10 April 2017

Virtual Biobank

The World Seed Bank on the island of Svalbard has been supplemented with the Doomsday Library

Marina Astvatsaturyan, Echo of Moscow

The World Bank, a repository of planting material for all agricultural plants existing in the world, was opened under the auspices of the UN in February 2008 in Svalbard in the Norwegian village of Longyearbyen, just a thousand kilometers from the North Pole. The bank was created in order to prevent the complete destruction of seeds of plants of economic importance in the event of global catastrophes, such as the fall of an asteroid, nuclear war or global warming, and therefore the project received the unofficial – media – name "Doomsday Repository". Svalbard was chosen because of permafrost and low tectonic activity in the archipelago area. The storage facility is a system of tunnels located at a depth of 120 to 300 meters on the site of abandoned coal mines. They are equipped with explosion-proof doors and airlock chambers. Seed samples are stored in an aluminum foil wrapper. The preservation of biological material is ensured by permafrost, and additional lowering of the storage temperature to -18 ° C is provided by refrigeration units capable of operating on local coal. Each country has its own compartment in the world seed storage. On March 27 of this year, a library was opened next to the World Seed Bank -a digital archive of worldwide data on valuable genetic material stored in the neighborhood.

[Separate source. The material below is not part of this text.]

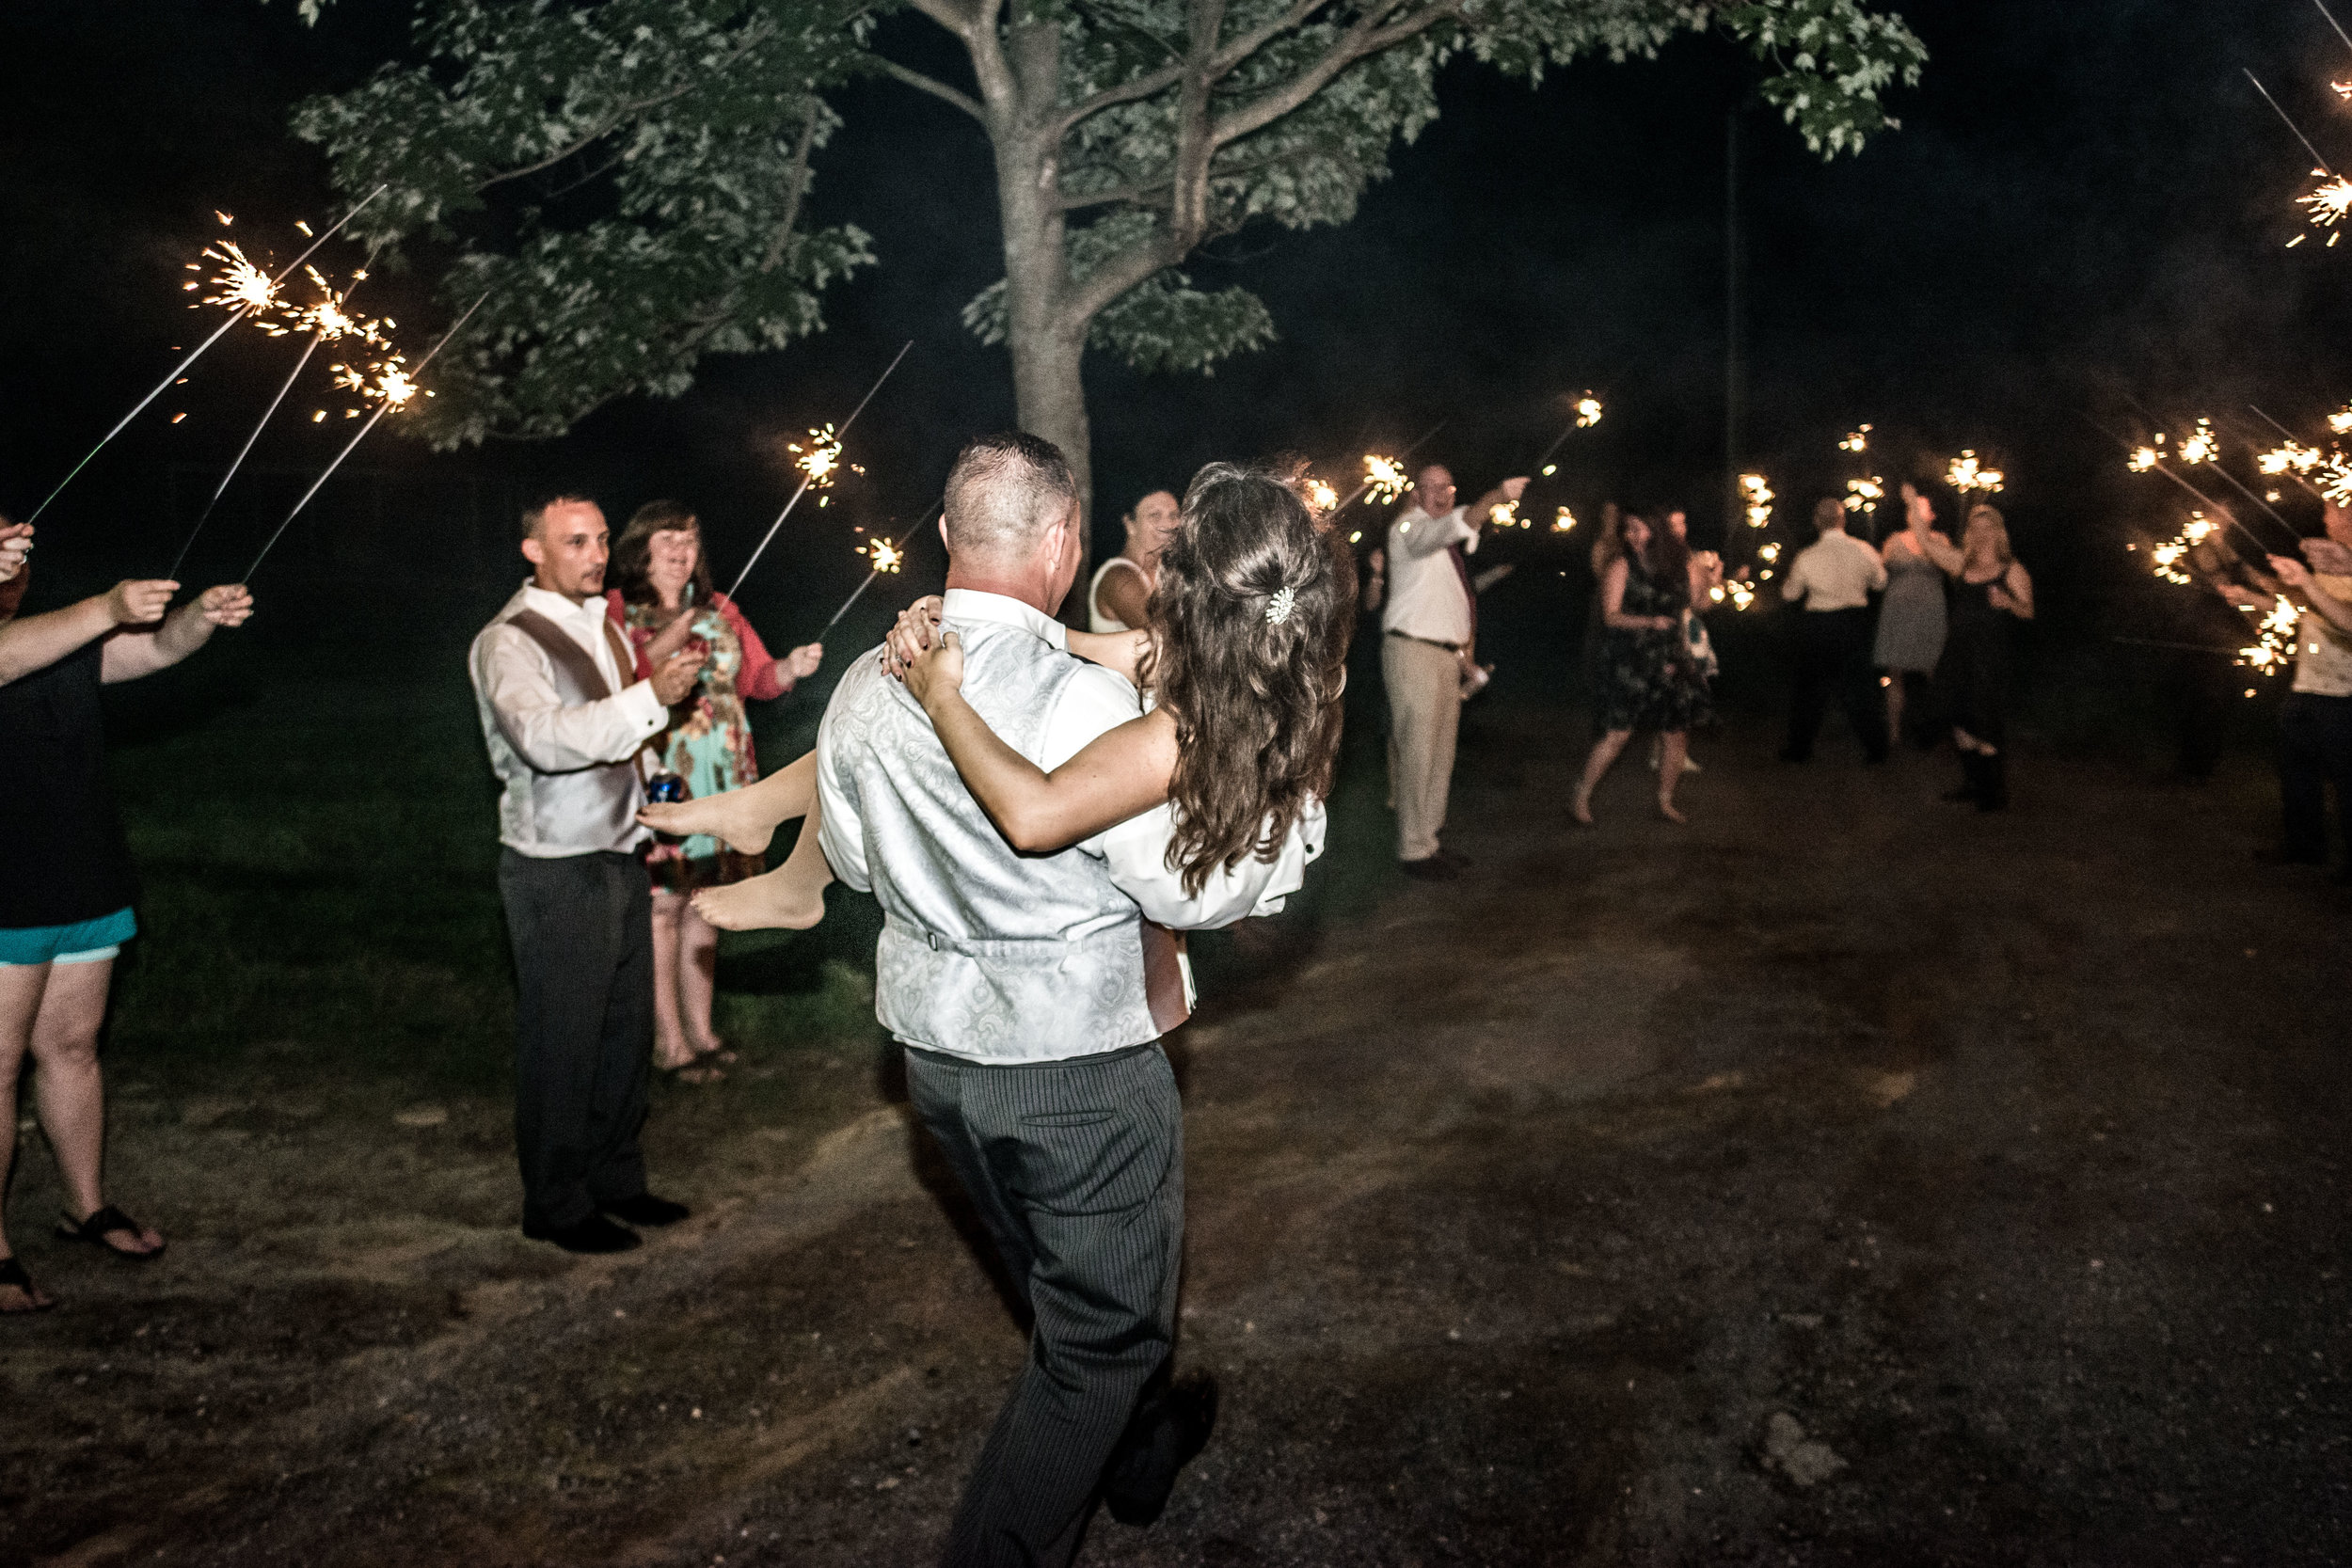 2018.06.22 Hardy-Baty Wedding Weekend in the Virginia Countryside-264.jpg

The new repository, which was called the Arctic World Archive, has an analog data storage method with a high-tech security system. While digital data is stored as discrete ones and zeros, analog data is a continuous recording of physical signals, like a vinyl record, the grooves and protrusions of which are transformed into music thanks to the needle of the player, explains Live Science. In the Arctic archive, "digital data is stored recorded on a photosensitive film," said Rune Bjerkestrand, founder of the Norwegian technical company Piql and project manager, in a comment to the publication. According to him, the data is mainly presented on the film in the form of large QR codes.

piql_film.jpg

Piql company, established in 2002, is engaged in the conversion of digital data into analog. The saved data will be sent to film recording specialists in the same way as it is done when sending data to a printer using a secure IT data transmission infrastructure. Once printed, physical rolls of film cannot be edited, and they cannot be hacked like digital data. As Bjerkestrand says, the film data is "as if carved in stone."